Three days before Christmas, the Bush administration announced its destruction of the National Forest Management Act, the key legislation that keeps our magnificent national forest heritage healthy and whole. The timing of the announcement makes it clear that the Bush league hopes the distractions of the season will cause you to forget it and move on.
But for those who care about the forests, there is no chance that we will forget it and move on.

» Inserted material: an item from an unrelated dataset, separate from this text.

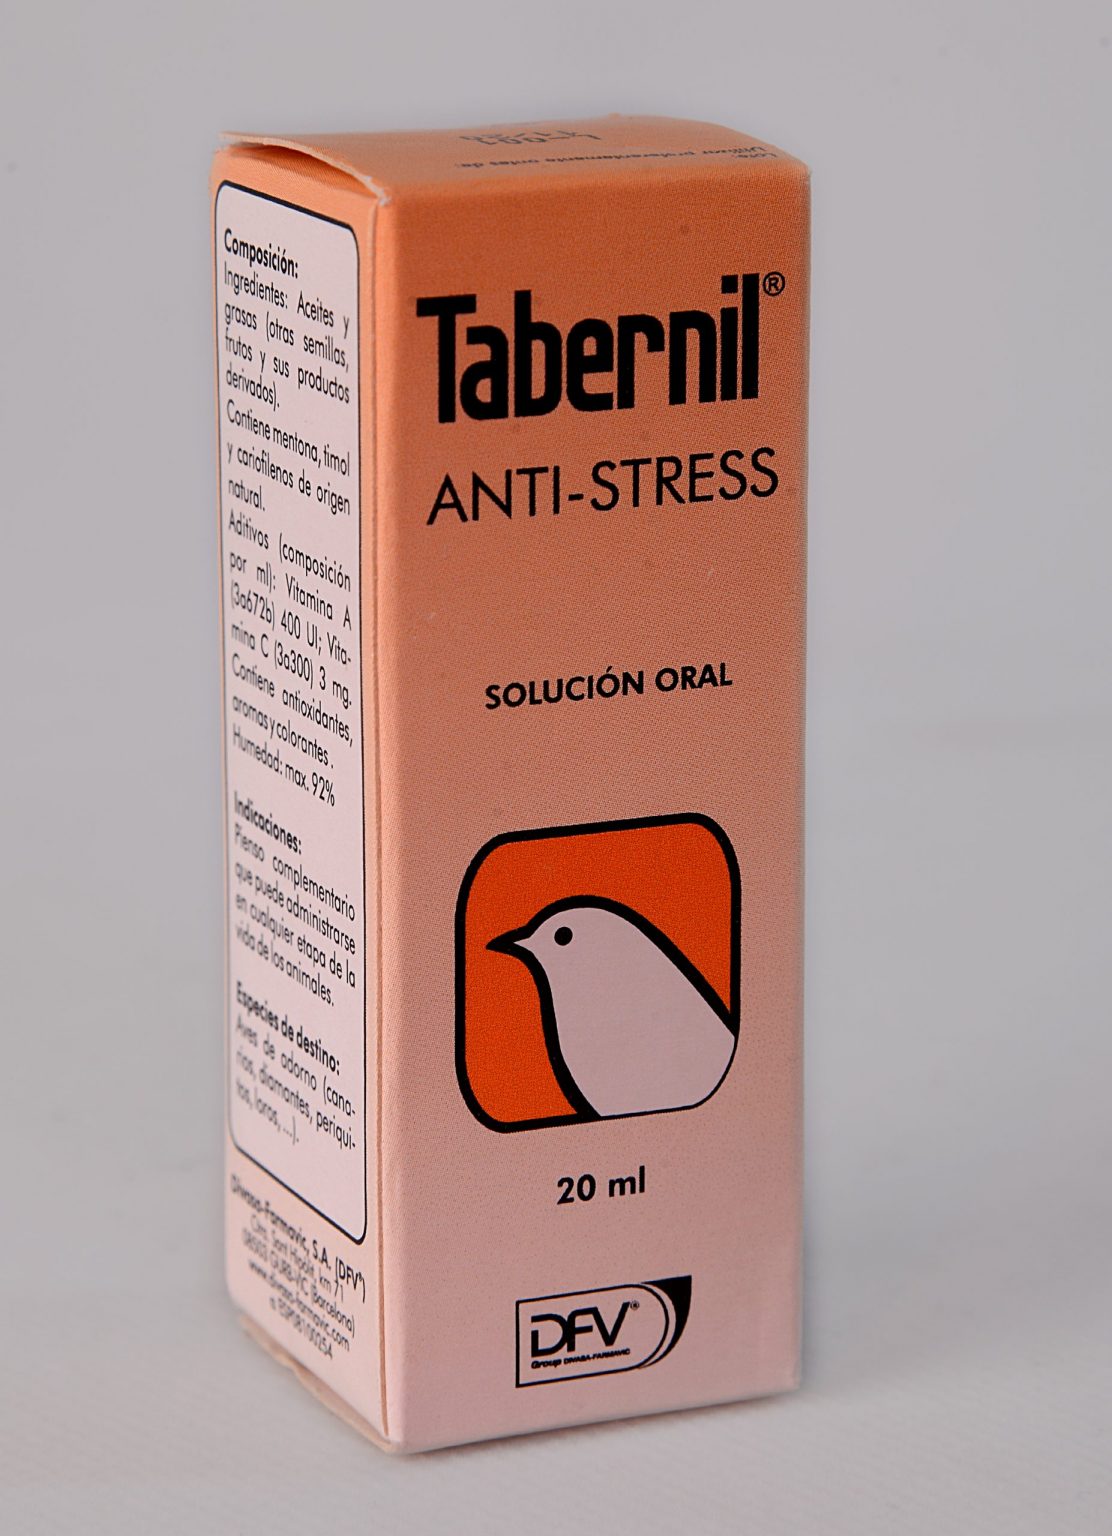 داروی ضد استرس تابرنیل مخصوص پرندگان | پرشین پت لند

The National Forest Management Act (NFMA) was passed in 1976 in response to the acceleration of logging in the post-WWII economy. The forests were ruled by an iron triangle of interlocking interests: the timber industry, industry-oriented forest managers, and local congressional representatives bought by the timber industry. The national forests had become a private timber reserve dedicated to massive clear cutting.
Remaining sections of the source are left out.